Abdel-Aziz Tarek, Schröder Stefanie, Lehmann Martin, Gehl Hans-Björn, Ebmeyer Jörg, Sudhoff Holger
*Department of Otorhinolaryngology, Head and Neck Surgery, and †Department of Radiology, Klinikum Bielefeld, Academic Teaching Hospital University of Münster University, Bielefeld, Germany.
Otol Neurotol. 2014 Apr;35(4):635-8. doi: 10.1097/MAO.0000000000000214.
Since the introduction of balloon Eustachian tuboplasty the necessity of preoperative high-resolution CT scans of the temporal bone has been a topic of debate. This study investigated the informative value of preoperative CT scanning in predicting intraoperative or postoperative difficulties and complications. Special focus was laid on the existence of carotid canal dehiscences for fear of intraprocedural injury.
Retrospective.
Tertiary referral center.
Approximately 284 patients (510 Eustachian tubes) with intractable Eustachian tube dysfunction undergoing unilateral or bilateral balloon Eustachian tuboplasty with preoperative high-resolution CT scans of the temporal bone from January 1, 2009, to December 31, 2012.

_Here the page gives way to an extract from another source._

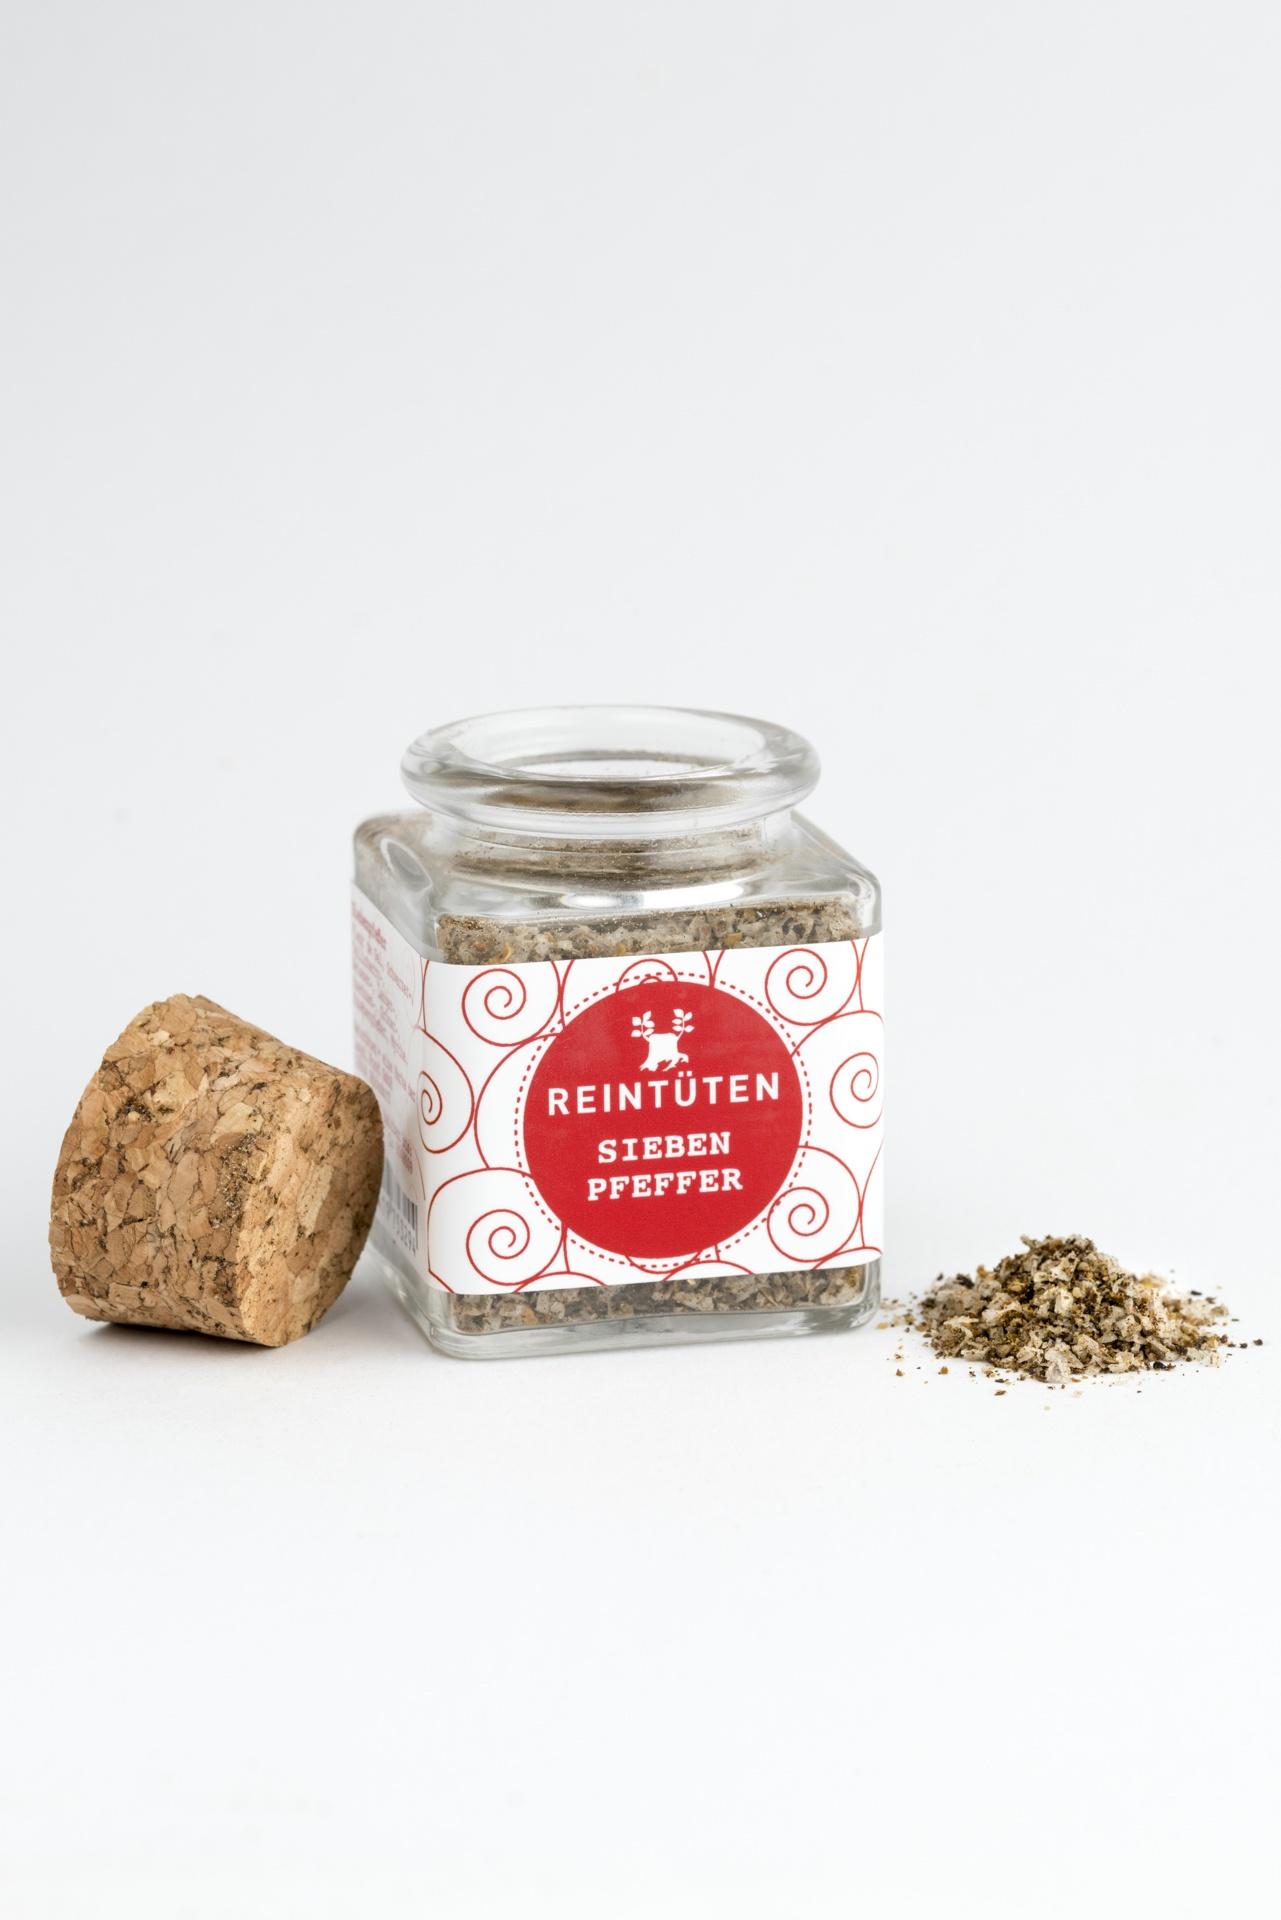 Siebenpfeffer - Pfeffermischung im Gewürzglas

Carotid canal dehiscences were found in 18 patients (6.3%). In 3 patients (4 Eustachian tubes, 1.1% of patients) balloon dilatation could not be performed because of difficulties advancing the balloon catheter. Of these 3 patients, one had bilateral carotid canal dehiscences, whereas the other two had unremarkable CT scans. Postoperative complications occurred in 3 patients (1.1%): 2 soft tissue emphysemas and 1 unilateral hypoglossal paresis. All 3 patients had unremarkable CT scans, and all complications resolved completely without further sequelae.
Preoperative high-resolution CT scan of the temporal bone does not seem to be suitable to predict intraoperative or postoperative difficulties of balloon Eustachian tuboplasty. Being extremely cautious during balloon catheter insertion into the Eustachian tube and using a device that is designed with a built-in stop mechanism preventing too deep insertion, the data presented suggest that fear of injury to the internal carotid artery during balloon dilatation might be disproportionate. Nevertheless, for inexperienced surgeons, HR-CT scans of the temporal bone may help to understand the relation between internal carotid artery and the Eustachian tube.
自球囊咽鼓管成形术引入以来,术前颞骨高分辨率CT扫描的必要性一直是一个争论的话题。本研究调查了术前CT扫描在预测术中或术后困难及并发症方面的信息价值。由于担心术中损伤,特别关注了颈动脉管裂的存在情况。
回顾性研究。
三级转诊中心。
2009年1月1日至2012年12月31日期间,约284例(510根咽鼓管)患有难治性咽鼓管功能障碍的患者接受了单侧或双侧球囊咽鼓管成形术,并术前行颞骨高分辨率CT扫描。
18例患者(6.3%)发现有颈动脉管裂。3例患者(4根咽鼓管,占患者的1.1%)因球囊导管推进困难而无法进行球囊扩张。在这3例患者中,1例双侧颈动脉管裂,而另外2例CT扫描无异常。3例患者(1.1%)出现术后并发症:2例软组织气肿和1例单侧舌下神经麻痹。所有3例患者CT扫描均无异常,所有并发症均完全缓解,无进一步后遗症。
术前颞骨高分辨率CT扫描似乎不适用于预测球囊咽鼓管成形术的术中或术后困难。在将球囊导管插入咽鼓管时极其谨慎,并使用设计有内置停止机制以防止插入过深的装置,所提供的数据表明,在球囊扩张期间对颈内动脉损伤的担忧可能有些过度。然而,对于经验不足的外科医生,颞骨HR-CT扫描可能有助于了解颈内动脉与咽鼓管之间的关系。